→ What you should do: What you return should be only the lines in the entries below between the one holding "Poster of Paperback Hero - Australia" and the one holding "Jenseits des Elfenbeinturms: Psychologie", ends included, with every picture left out.

→ Information given:
****************
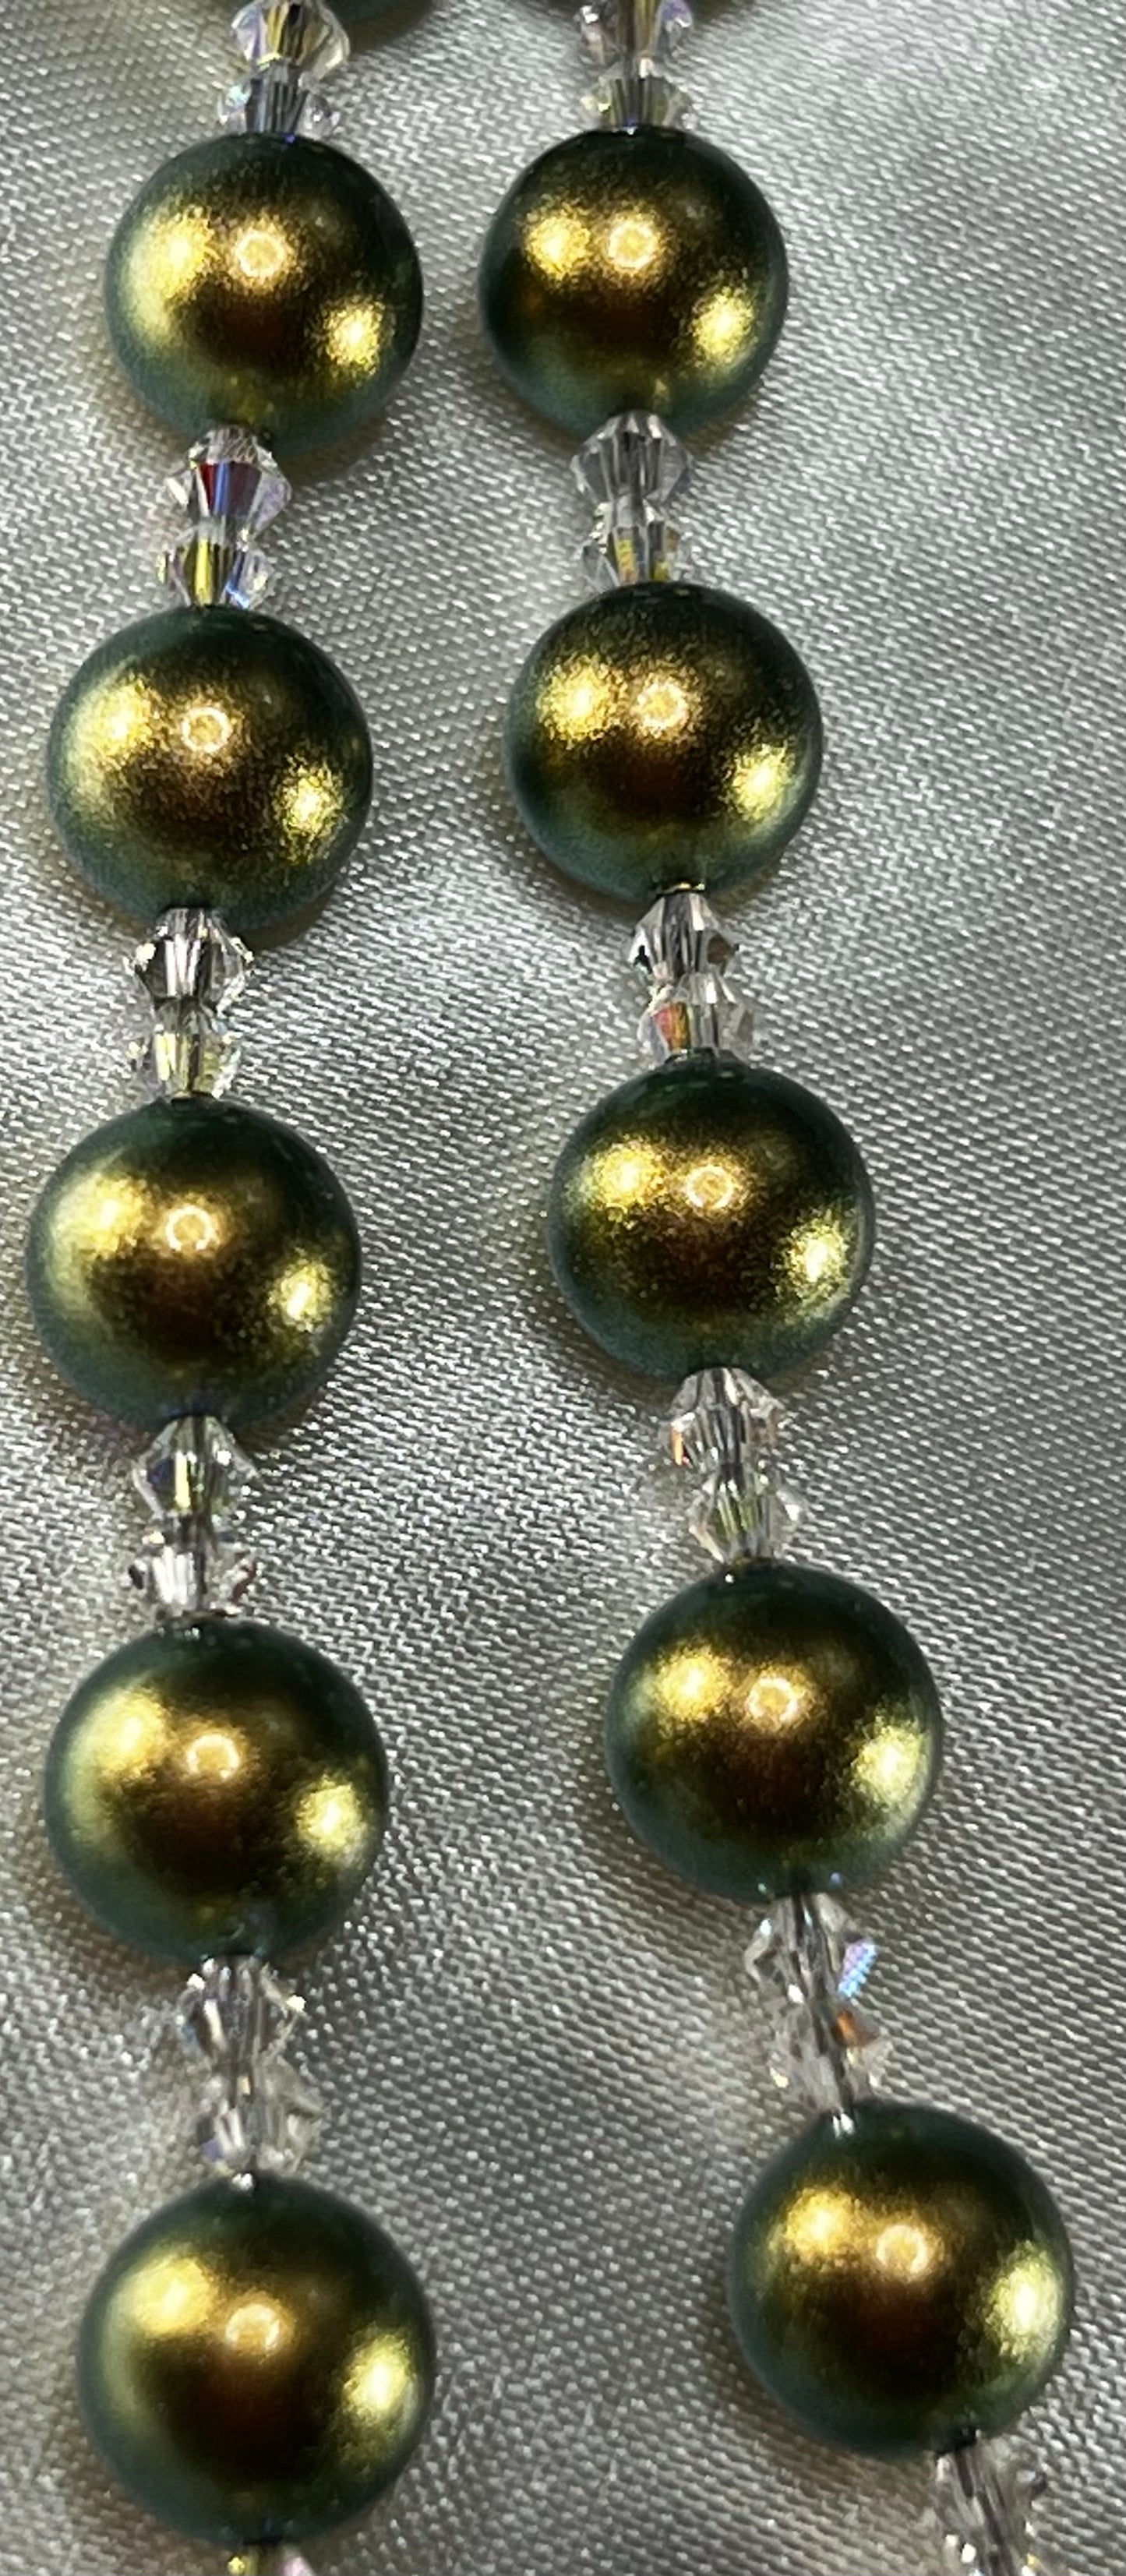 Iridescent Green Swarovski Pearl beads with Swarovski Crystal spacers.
****************
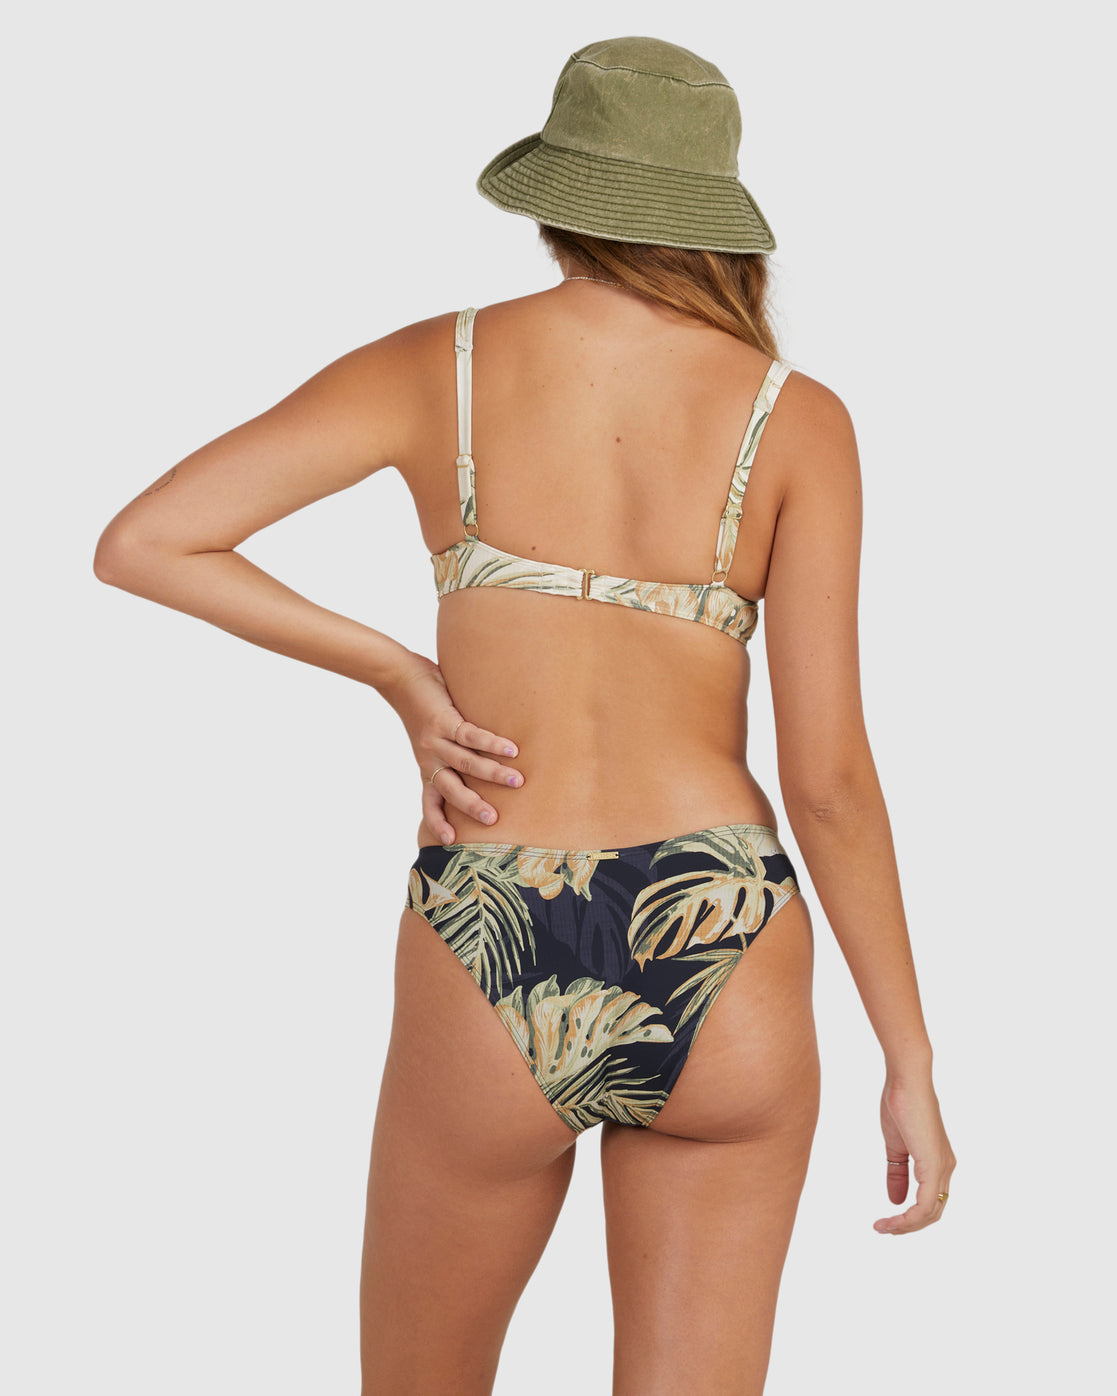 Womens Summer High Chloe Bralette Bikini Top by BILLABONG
****************
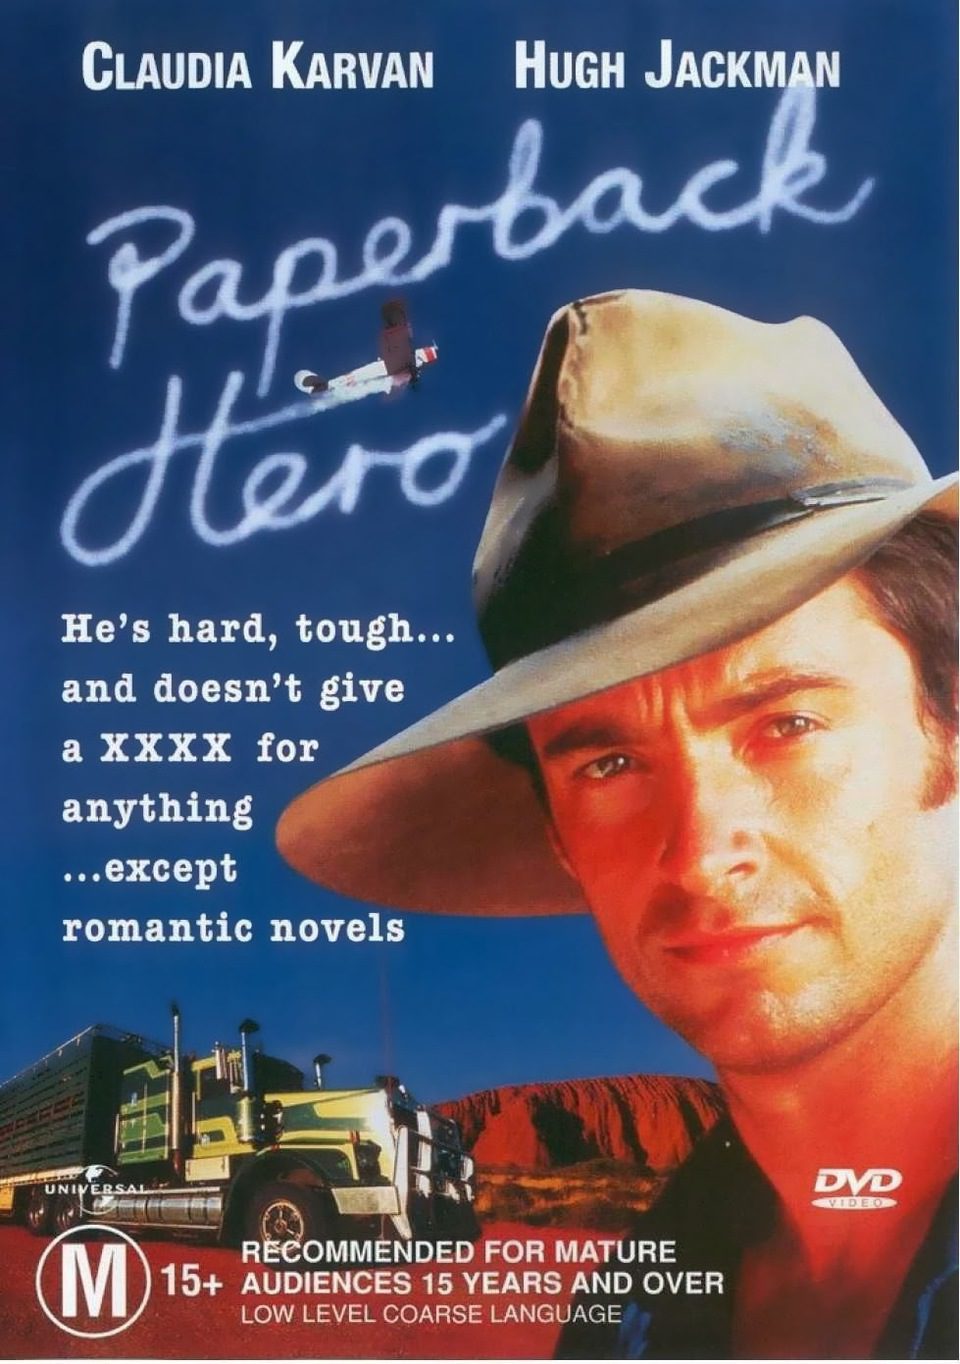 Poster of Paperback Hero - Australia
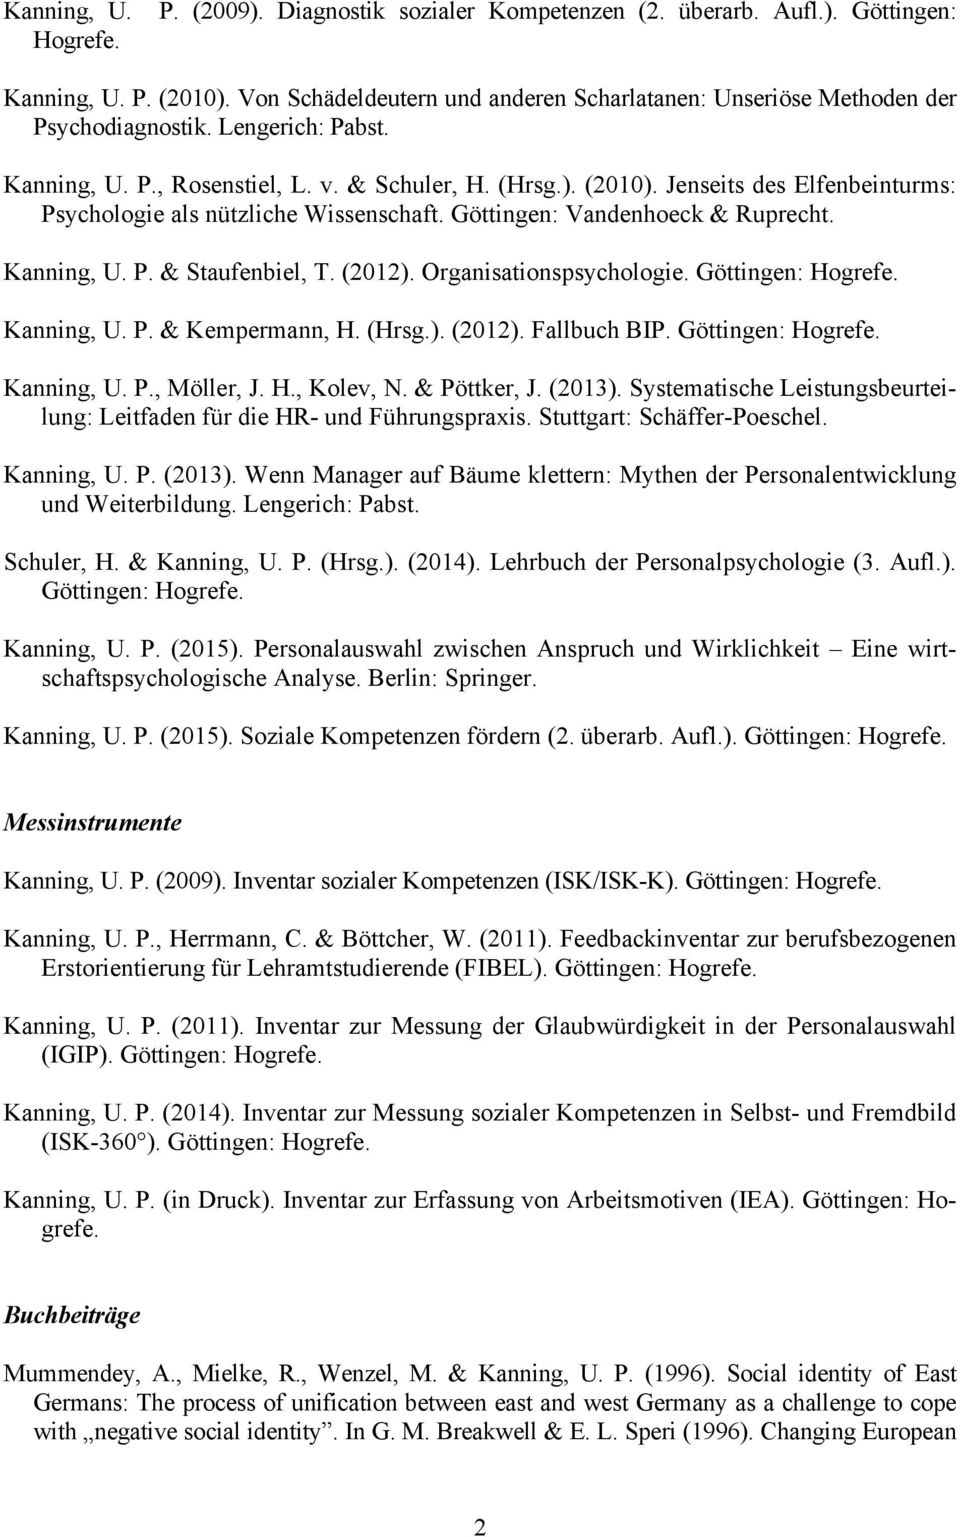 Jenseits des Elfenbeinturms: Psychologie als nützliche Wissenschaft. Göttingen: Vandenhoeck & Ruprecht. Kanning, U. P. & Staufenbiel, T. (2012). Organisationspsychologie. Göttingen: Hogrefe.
****************
→ Answer space:
 Poster of Paperback Hero - Australia
 Jenseits des Elfenbeinturms: Psychologie als nützliche Wissenschaft. Göttingen: Vandenhoeck & Ruprecht. Kanning, U. P. & Staufenbiel, T. (2012). Organisationspsychologie. Göttingen: Hogrefe.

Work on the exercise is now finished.